The new coronavirus SARS-CoV-2 caused Coronavirus Disease (COVID-19) in 2019 and is currently rampant worldwide. Scientists are working overtime to develop vaccines and drugs to defeat SARS-CoV-2. Much work is focused on the coronavirus spike protein (S protein), which interacts with angiotensin converting enzyme 2 (ACE2) on the surface of human cells. Combine and allow the virus to invade the cell.

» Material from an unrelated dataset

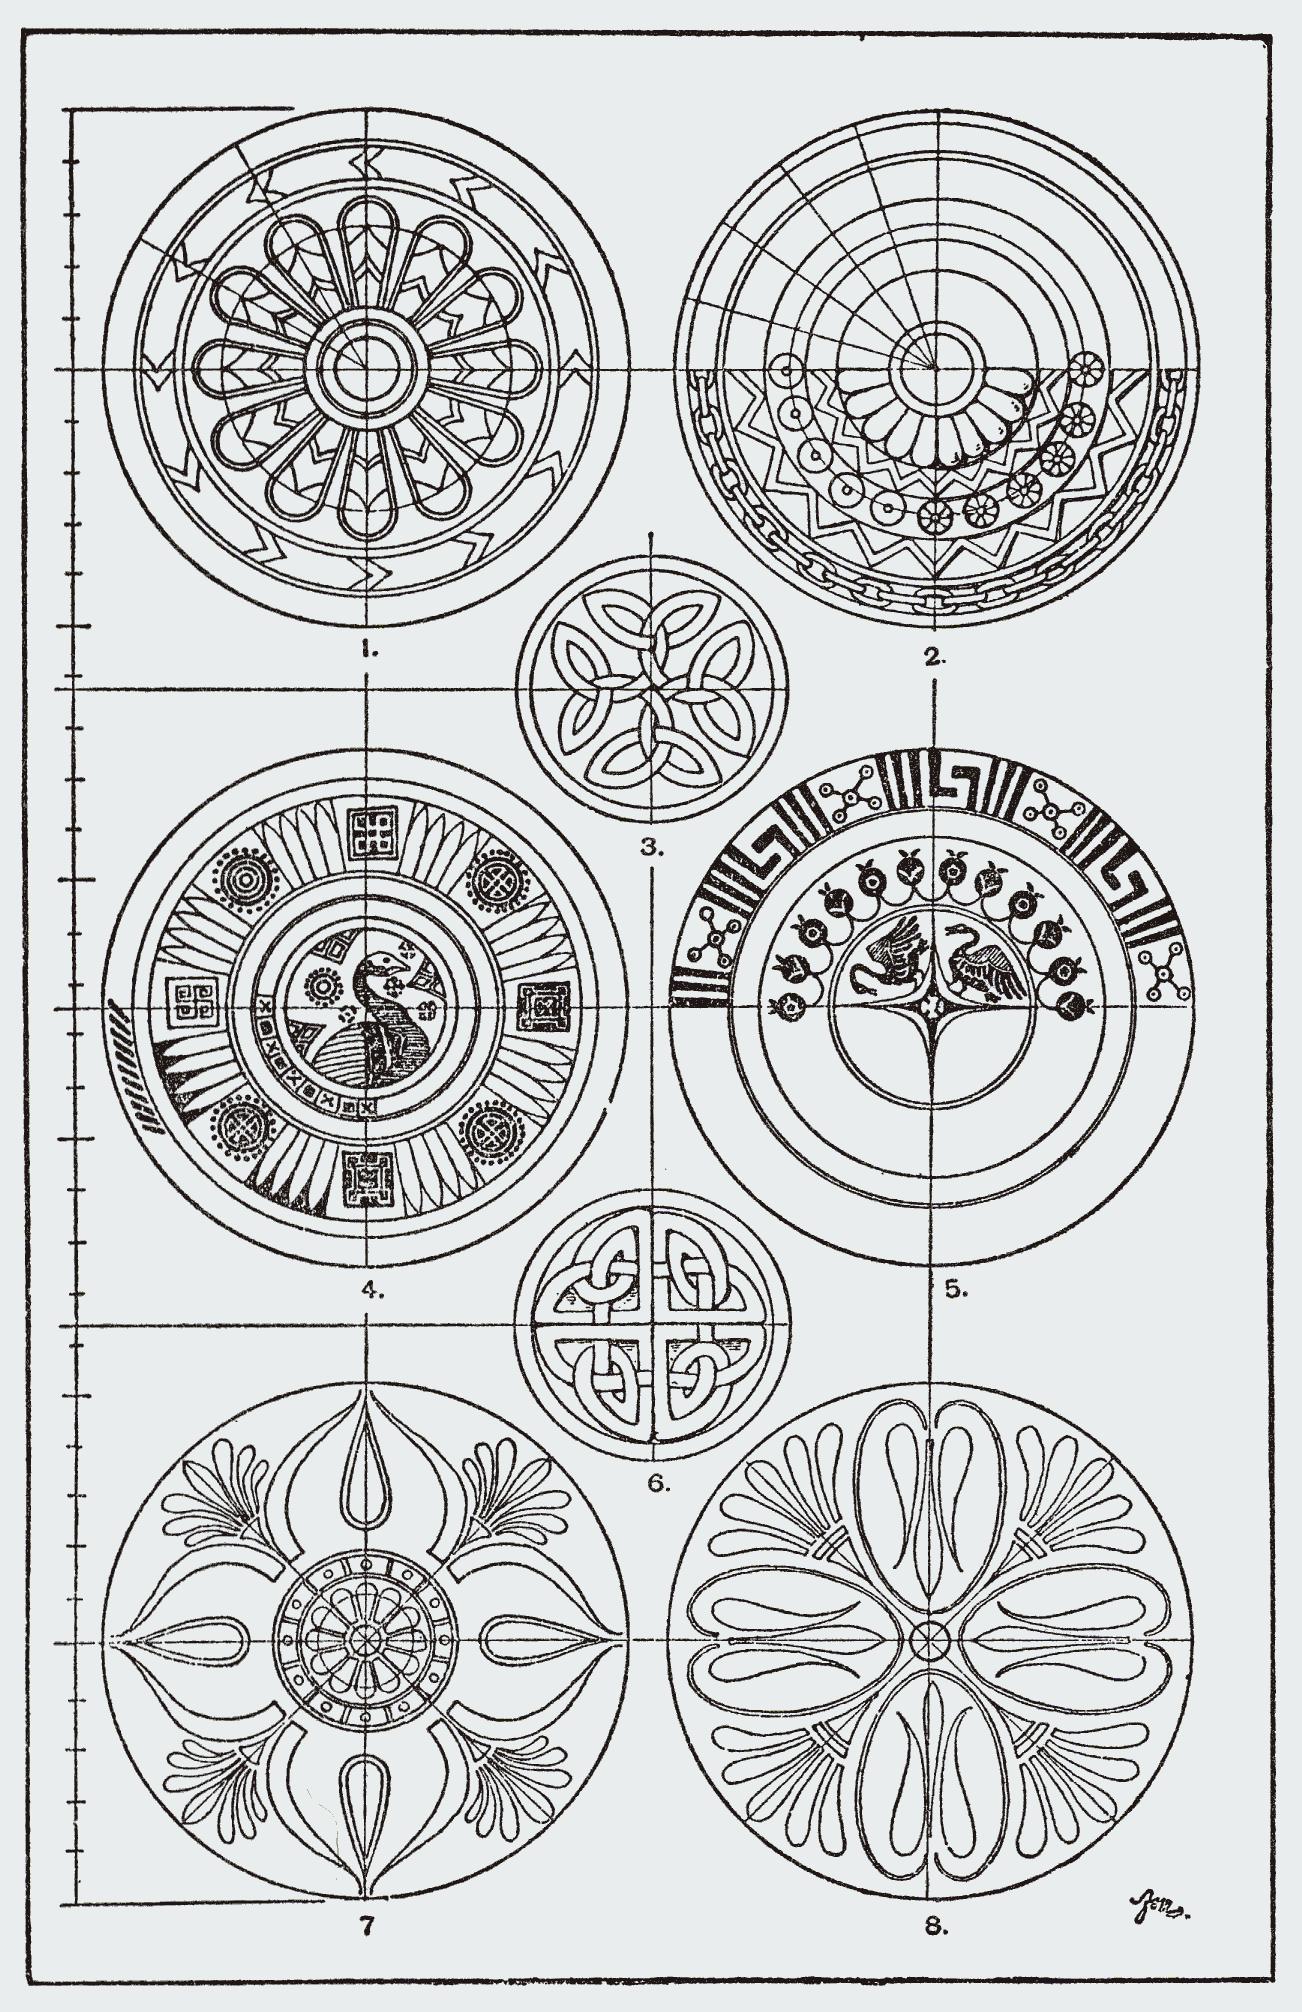 Orna157 Kreis Png 1 302 2 012 Pixel Zirkel Kreis

At present, in a new study, researchers from the University of California, San Diego, the University of Texas at Austin, and the University of Maynooth in Ireland have discovered that glycans (glycans), as a type of sugar molecules that modify S protein, are here Play a positive role in the process. It may provide new targets for the development of vaccines and drugs. Before the S protein of SARS-CoV-2 interacts with ACE2 on the surface of human cells, the S protein changes its shape to form a receptor binding domain (RBD), which is a protein that interacts with ACE2. Exposed. section. Like many viral proteins, the S protein is covered by a thick layer of glycans. These glycans attached to specific locations help protect the viral protein from the host's immune system. In this new study, these researchers want to know whether certain glycans of the SARS-CoV-2S protein may also play an active role in the process of this virus infection. In order to find
Answer, these researchers used structure and sugar mixture data to establish a molecular dynamics model of the SARS-CoV-2S protein embedded in the viral membrane. These computer models show detailed snapshots of each atom of the S protein, revealing that the N-glycans bound to the protein at specific locations (N165 and N234) in the S protein help stabilize RBD exposure. I did it. It changes shape and promotes infection. These models also identified regions of S protein that were not encapsulated by glycans, which were vulnerable to antibody attack, especially after shape changes. In laboratory experiments using the interference of reflected light from the biofilm layer, it was found that the mutations at the N165 and N234 positions of the S protein no longer carry glycans. This can reduce the binding of S protein to ACE2. These researchers say these findings lay the foundation for the development of new strategies against the threat of this epidemic.